Researchers aren’t sure if these rays are being made by dark matter colliding, or simply by particles generated from pulsars. Pulsars are highly magnetized, rotating neutron stars that emit beams of electromagnetic radiation.

“We know something new has happened, but we still do not know the origin,” Massachusetts Institute of Technology physicist Sam Ting, one of the project’s lead researchers.

“In a short time, we’ll really be able to resolve the mystery,” he added.

The research is being done by a 600-member team called the Alpha Magnetic Spectrometer (AMS) collaboration. The team has members around the world, from the US to China to France. One of the collaboration’s main goals is to observe and study dark matter.

Dark matter, for the most part, is a scientific mystery. Little is known about the substance, but scientists believe that its gravity is responsible for keeping the entire universe together. They believe that dark matter, and the related and even more mysterious dark energy, make up around 95 percent of the known universe.

Built in 2011, the AMS is a device that researchers have been using in order hopefully find signs of the elusive dark matter. One of the things it has been logging is how many positrons, which are the antimatter version of electrons, are detected relative to the overall number of positrons and electrons.

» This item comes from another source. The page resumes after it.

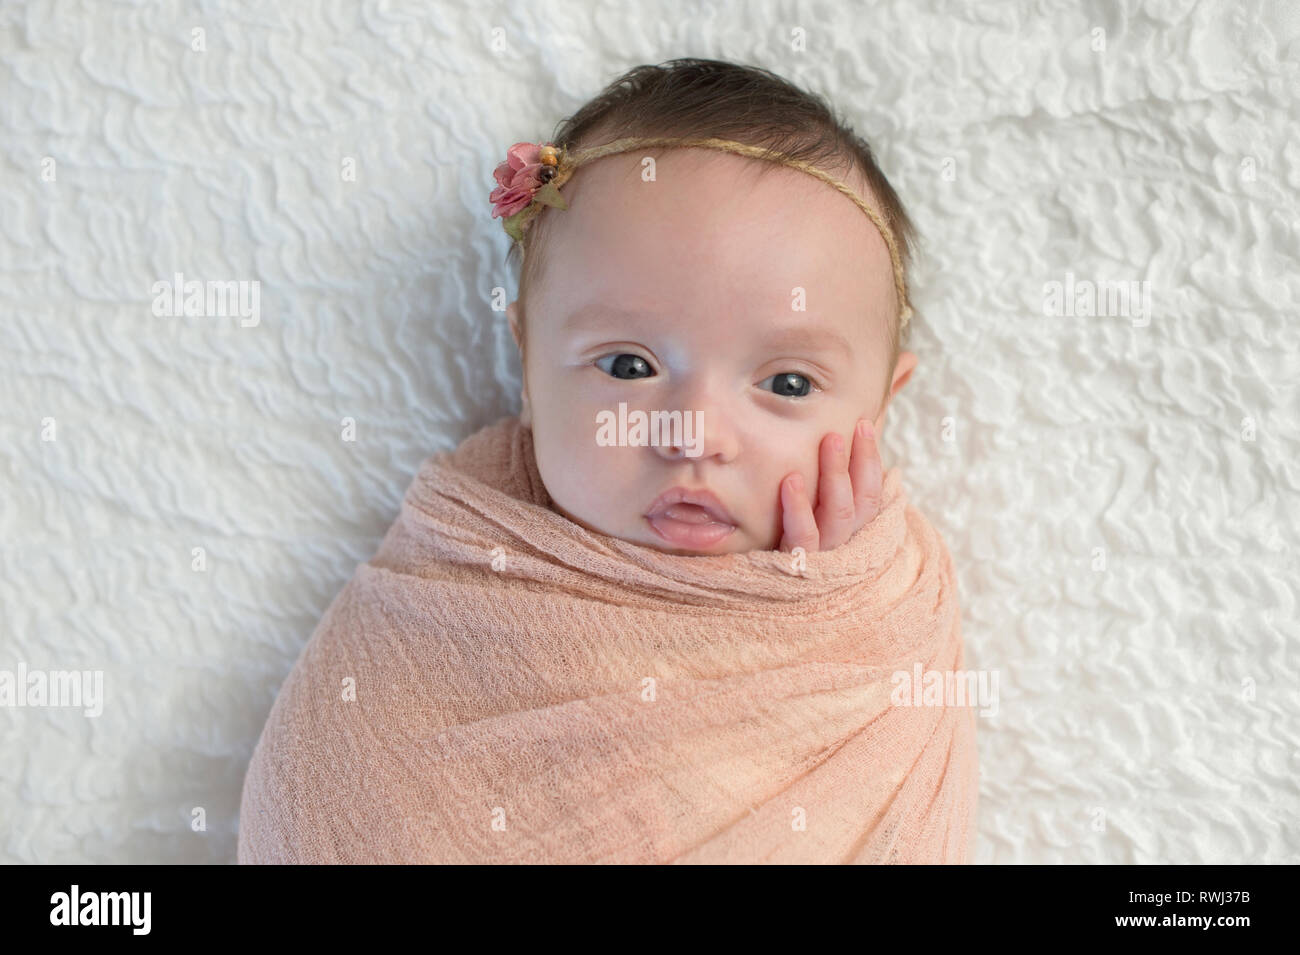 Alert Monate altes Baby girl Gepuckte in einem Pfirsichfarbene wickeln. Im Studio auf einer weißen Decke geschossen. Stockfoto

Last year, the AMS collaboration reported a proportionally higher number of positrons, which could be evidence of dark matter colliding. However, not enough concrete data was collected for any conclusive evidence.

“This increase indicates it cannot come from ordinary cosmic ray collisions,” Ting said.

“We have also measured the positron flux accurately,” he added. “The flux increases up to 10 billion electron volts of energy, flattens out at up to 35 billion electron volts and then increases again,” Ting said.

“These two behaviors show that the origin of positrons in the cosmos is quite mysterious,” he concluded. “It is too early to say they are definitely from dark matter.”